- Netflix makes money. A lot of money.
- This is not news now. But a few years ago, when the company was burning billions a year, it wasn’t a foregone conclusion.
- Good luck, would-be Netflix competitors!
Netflix made a lot of money in the last three months.
Yawn. What else is new? Netflix is the clear winner of the streaming wars, and every quarter, it gets another chance to demonstrate that. Like it did on Thursday when it added another 5 million subscribers.
But read that first sentence again. It isn’t just that Netflix is far ahead of its rivals when it comes to subscribers and revenue. Netflix is actually bringing in so much money that it is turning a profit, while its competitors struggle to break even.
A lot of profit: $2.3 billion in net income, off of $9.8 billion in revenue. By the end of the year, the company thinks it will have generated $8.7 billion in profit.
Don’t expect anyone to hold a parade to honor Netflix’s achievement. Wall Street expects this kind of performance from Netflix, which is why its stock is near an all-time high.
But it’s still worth noting because not very long ago, lots of very reasonable people thought Netflix might never get here.

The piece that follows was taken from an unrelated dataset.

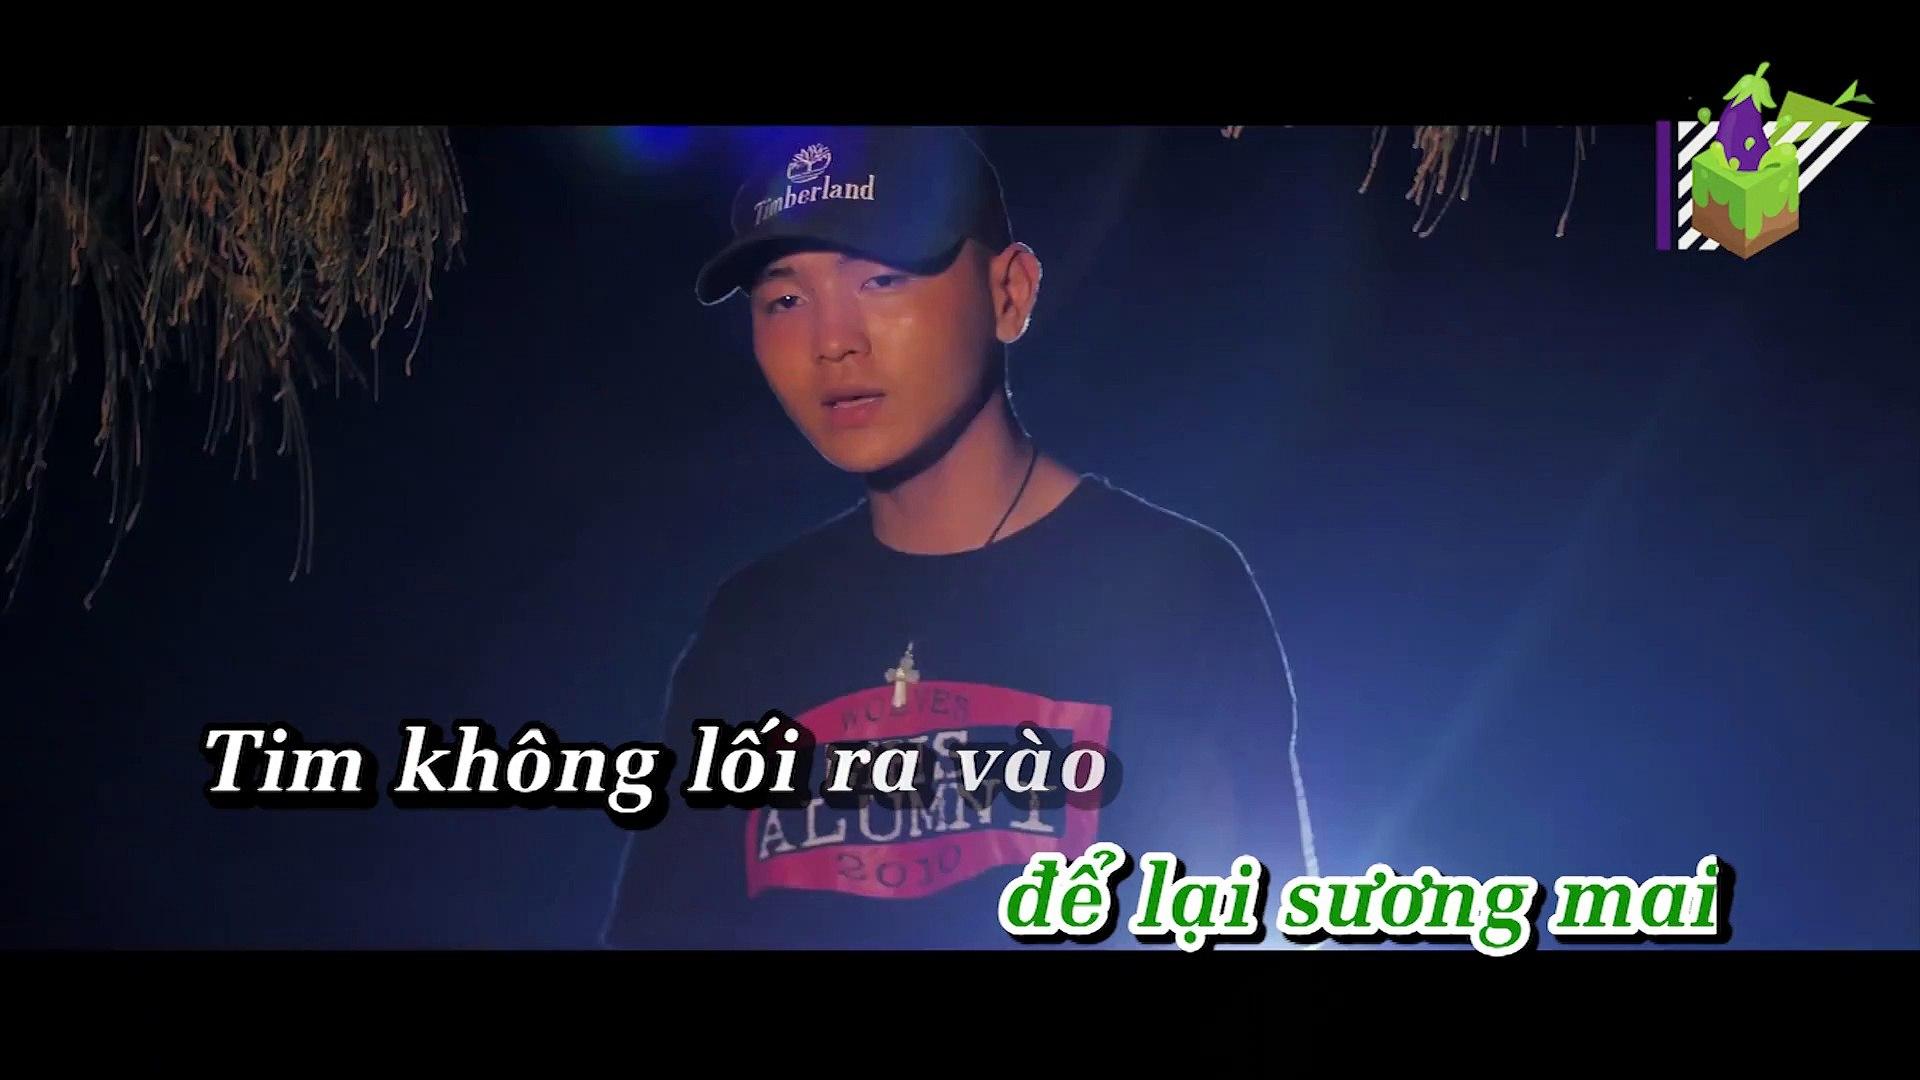 [Karaoke] Liệu Giờ - 2T Ft. Văn [Beat]
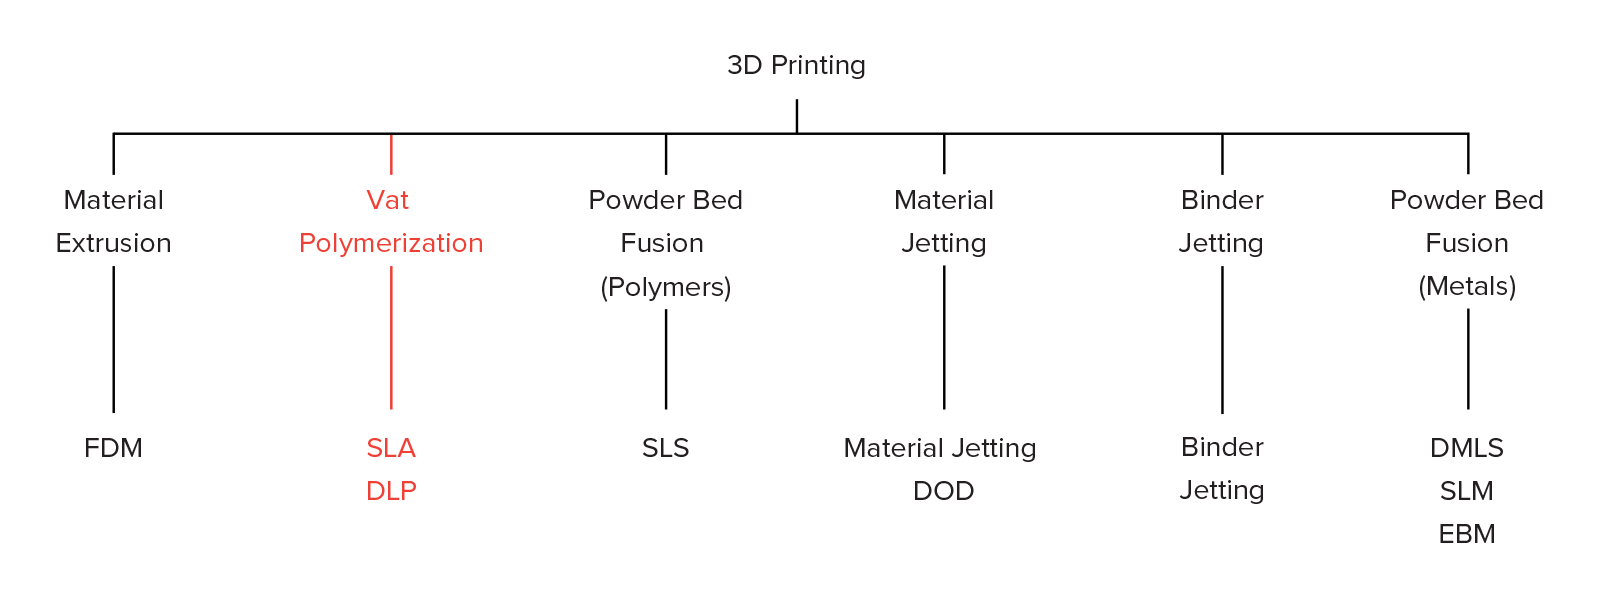 https://s3-eu-west-1.amazonaws.com/3dhubs-knowledgebase/introduction-sla-3d-printing/3-sla-tree.png

That’s because Netflix used to be in the business of burning cash — billions of dollars worth a year — as it built a lead in the streaming wars by licensing other people’s TV shows and movies, and making its own. And Netflix financed all that cash incineration by taking on many billions of dollars in debt.
By the end of 2020, the company had more than $15 billion in long-term debt, and a concern you heard all the time from Netflix bears was: “It’s great that they’re spending all this money on content, but when are they going to pay for it?”
The Netflix answer went something like: “Trust us: All the money we spend on content — especially content we own, forever — is money well-spent because it means we can attract more customers, who will give us more money. And eventually, we’ll have so many customers, and so much money, that we won’t have to borrow any more to keep this going.”
And then they pulled it off: In January 2021, Netflix said it no longer had to tap the debt market to pay for its operations (though it has since borrowed more money to pay off some of its older debt). And things have been booming since.
The best way to see the turnaround is by looking at Netflix’s free cash flow — the money it has on hand after it pays for its day-to-day operations. In 2019, Netflix had negative cash flow of $3.3 billion. By the end of 2023, it had swung to positive $6.9 billion.
That doesn’t mean Netflix is going to go hog-wild on spending now that its thesis has been borne out. The company has made it clear to Wall Street that after years of increasing programming budgets, it is going to keep things flat for a while.
Meanwhile, it knows investors want more money and more profit, which is why it is pursuing multiple things it used to say it would never do: like sell ads, and make it hard for people “share” passwords.
Its competitors are trying similar gambits — but with much smaller user bases, and more constrained programming budgets, which makes it that much harder for them to compete.
Which is not news if you’ve been following the company (again, see this stock chart). Still, good to keep in mind.